Children’s services in Sandwell are to be transferred from the council to a newly formed trust as part of a government intervention to address concerns about the services.

Justine Greening, the education secretary, has issued a directive instructing the council to develop plans to transfer children’s services to the trust by 1 December.

Ofsted rated Sandwell Metropolitan Borough Council children’s services as ‘inadequate’ last year.

In a letter to the council, Edward Timpson, the minister for vulnerable children, said: “This decision has not been taken lightly. Sandwell Metropolitan Borough Council has failed its most vulnerable children and young people for approaching seven years. This is unacceptable and I am determined to reverse this record of failure.”

He said he appreciated there would be “anxiety” about the decision, but that children’s services should demonstrate to social workers that it would provide an opportunity for “a fresh start”.

Timpson acknowledged the direction would create anxiety among social workers in Sandwell, but said there had been “encouraging signs of improvement” following the establishment of trusts by Doncaster, Slough and Kingston upon Thames.

The news comes after the announcement earlier this year that children’s services in Birmingham, which, like Sandwell, is a partner in the newly formed West Midlands Combined Authority, will be taken over by a voluntary trust.

Eleanor Brazil, the council’s then children’s services commissioner, published a report in July saying that services were not improving and should be removed from the council’s control.

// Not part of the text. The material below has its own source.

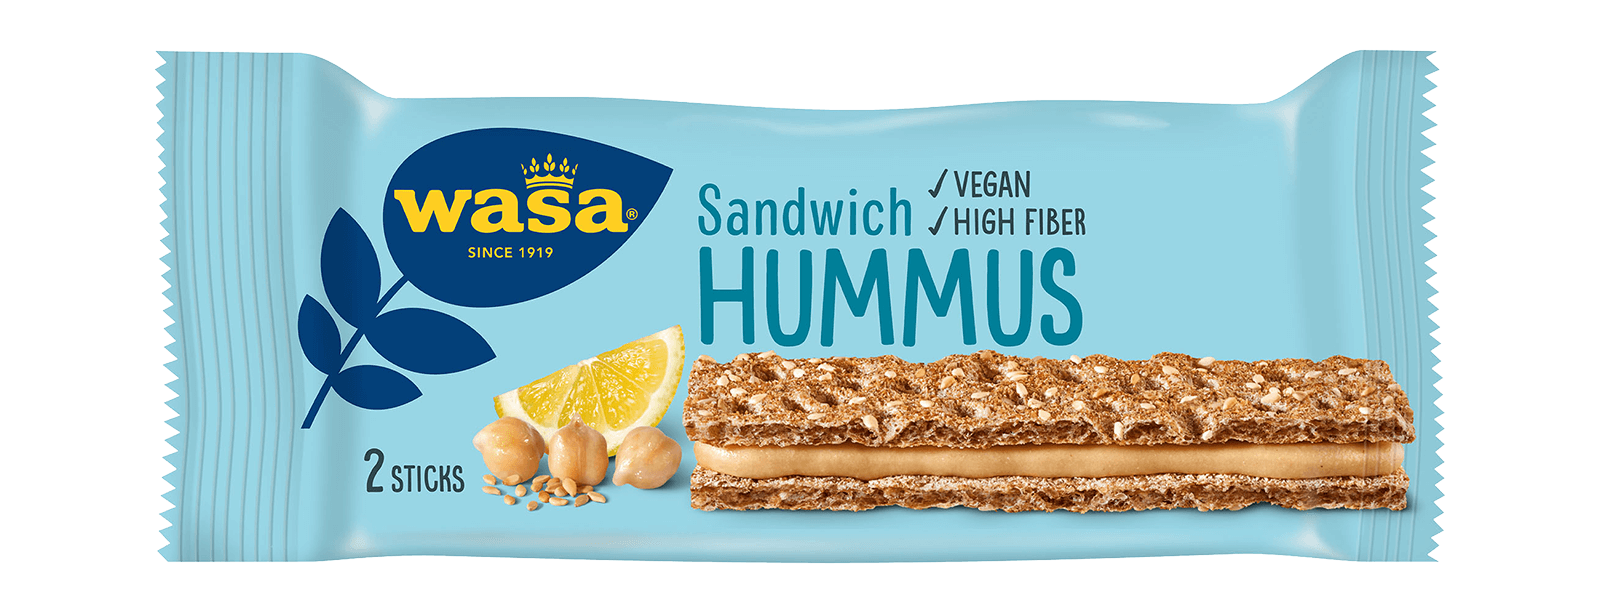 Sandwich Hummus

The findings of the latest Ofsted inspection, published last week, stressed that services are now making “positive changes”. It said that the multi-agency safeguarding hub (MASH) had improved its information gathering and intervention where it was concerned about children.

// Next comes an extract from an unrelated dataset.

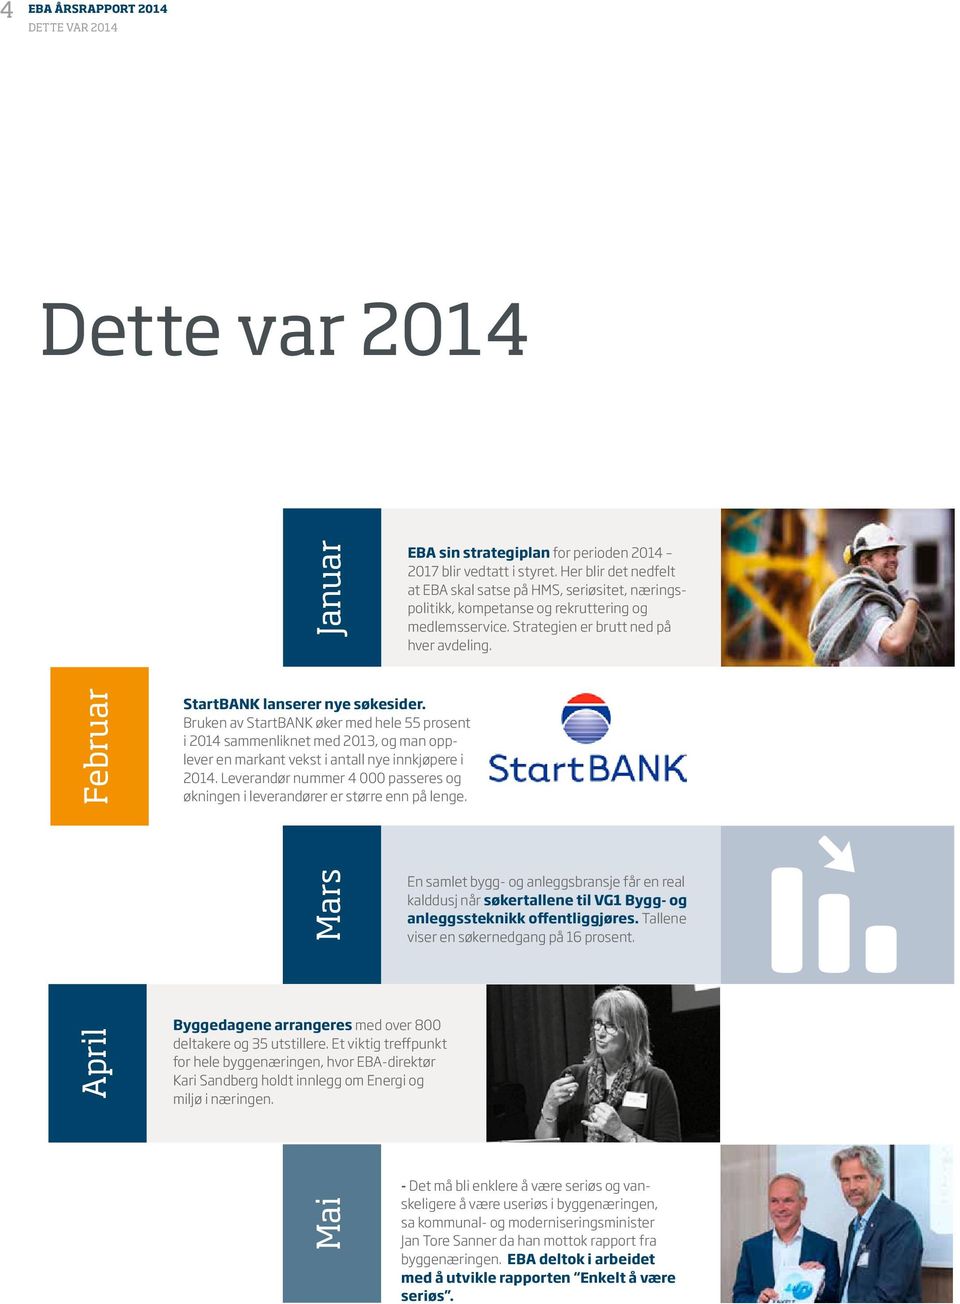 Februar StartBANK lanserer nye søkesider. Bruken av StartBANK øker med hele 55 prosent i 2014 sammenliknet med 2013, og man opplever en markant vekst i antall nye innkjøpere i 2014.

However, it found “inconsistent” decision-making and oversight, with poor management leading to issues such as alleged victims of physical abuse not seeing a paediatrician.

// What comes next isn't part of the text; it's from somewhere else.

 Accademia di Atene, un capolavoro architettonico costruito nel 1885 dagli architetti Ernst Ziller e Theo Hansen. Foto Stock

It noted that the quality of social work assessment and plans was “poor” and an area for concern.

Regarding the issue of child sexual exploitation, Ofsted said that partner agencies were engaging positively, new senior managers had been appointed and children’s services were taking decisive action in most cases.

However, key agencies did not always attend meetings and information was not always properly recorded.

A recent report from Ofsted said that frontline services in four key areas still need to improve in tackling child sexual exploitation.

Ofsted warned recently that 24% of local authority children’s services are rated ‘inadequate’, and complaints about children’s services to the Local Government Ombudsman have increased by 13% in the past year.

Tony Barnsley, joint secretary of the Sandwell branch of Unison, told BBC News that if members did not receive a guarantee over pay and pensions following changes to children’s services, they would “have little choice” but to issue a ballot.

Cllr Simon Hackett, council member for children’s services, said: “We acknowledge intervention can help us reach the high standards we are determined to achieve.”